SFML was good until #2766

Correct, now it's very good.

Firstly. No one (literaly no one) had problems with some 'type safety'

Source: trust me bro. I have made mistakes with SFML 2.x events before that the compiler would have prevented with SFML 3.x, and I'm confident others have as well.

no one asks to make such great changes which is fully broke all existing code ever.

SFML 3.x is a new major release, breaking changes due to API improvements are expected. SFML 2.x is still available if you cannot afford to adapt your codebase.

By the way, adapting the new event API in my commercial SFML game "Open Hexagon" took less than 10 minutes and my code was more convoluted than it should have been.
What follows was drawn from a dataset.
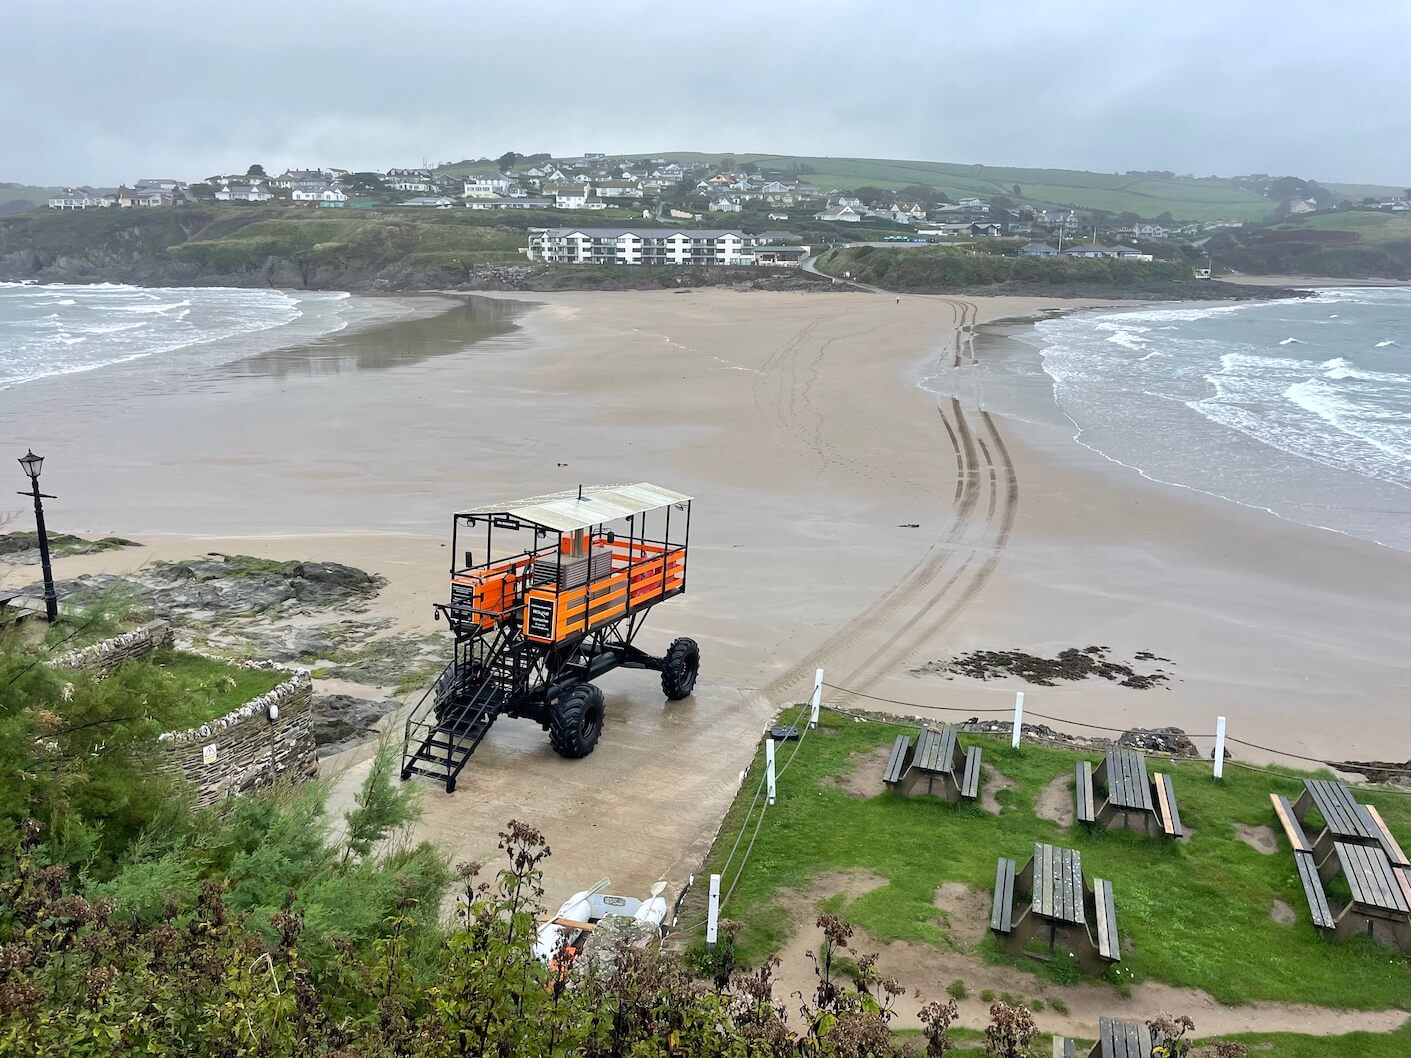 The view of the sea tractor and beach from Burgh Island hotel
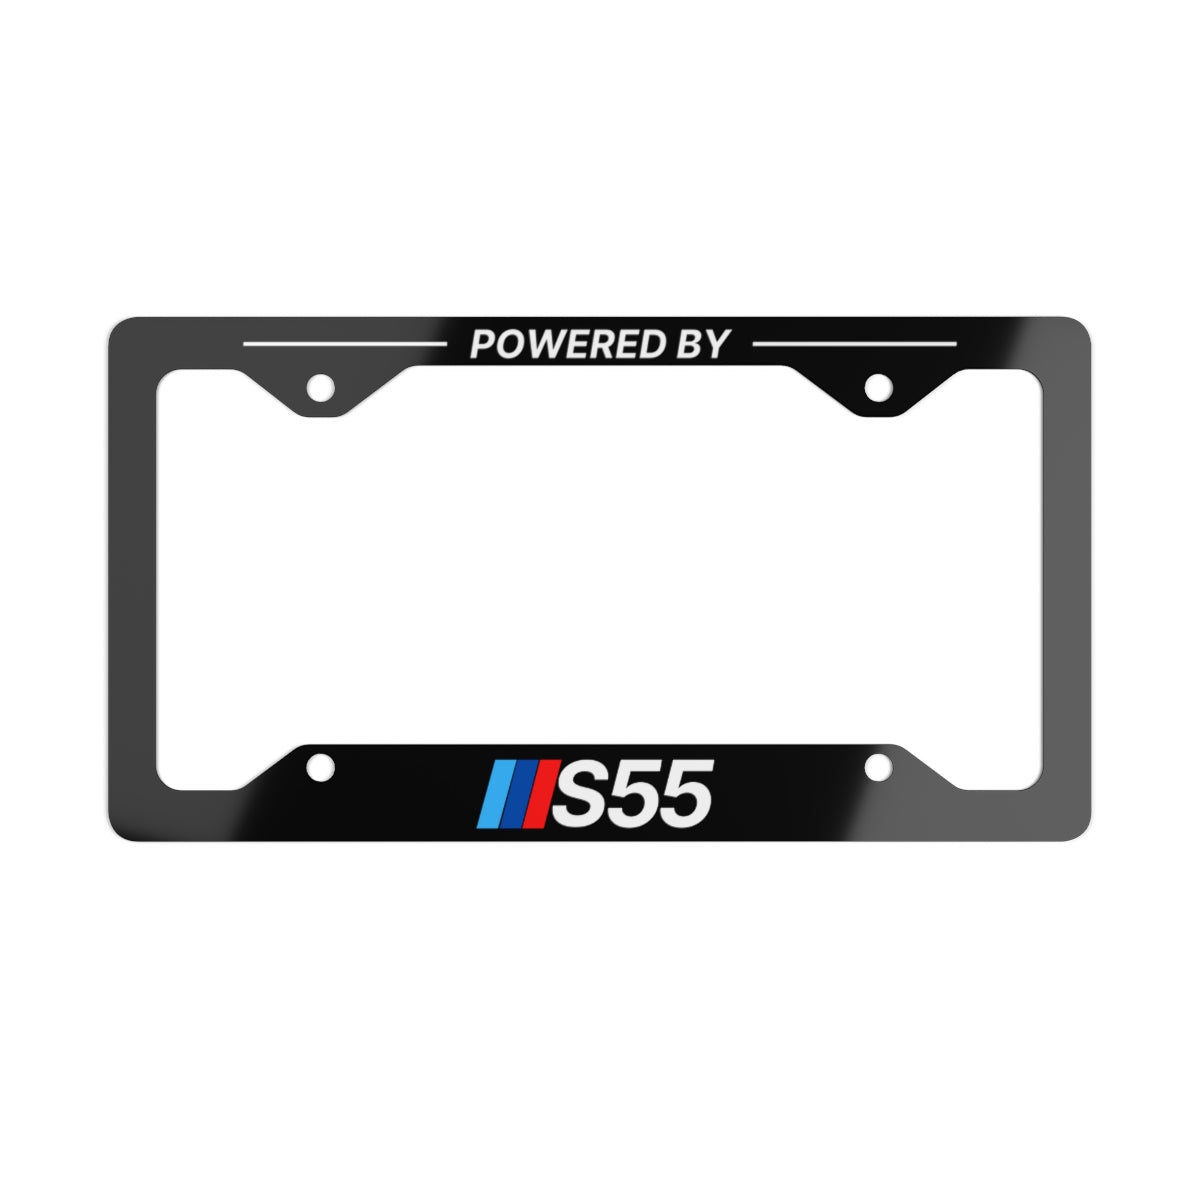 Powered By S55 Metal License Plate Frame

I suspect adapting simpler codebases will be even quicker and it's a simple mechanical effort that can actually reveal long-standing bugs.

Problems: -1. it "solves" problems which never existed 0. it breaks all code

You are repeating yourself.

  1. It is unusable (if if if if if) and no way to make clear code with switch and field access.

An if-else chain is usable, as proven by my existing project. It's also less error-prone than a switch as you cannot forget to add 'break', which is a common mistake.

Code will be less readable (both for me and compiler) and less maintanable

Subjective, and I disagree.

  1. it is not efficient.

It is. Even if it takes a few more cycles than a switch, it doesn't matter because event handling code overhead is insignificant compared to the rest of your application/game.

Author says, that he does not want to add .visit because it will break code later with adding events.

We can consider adding a visitation API in the future, but it's really not that much better than an if-else chain for events. There's additional syntactical overhead due to the creation of a visitor, even if you use the lambda-based pattern, which will require captures all over the place.

Still, not off the table.

But he break all existing code now and it is unusable.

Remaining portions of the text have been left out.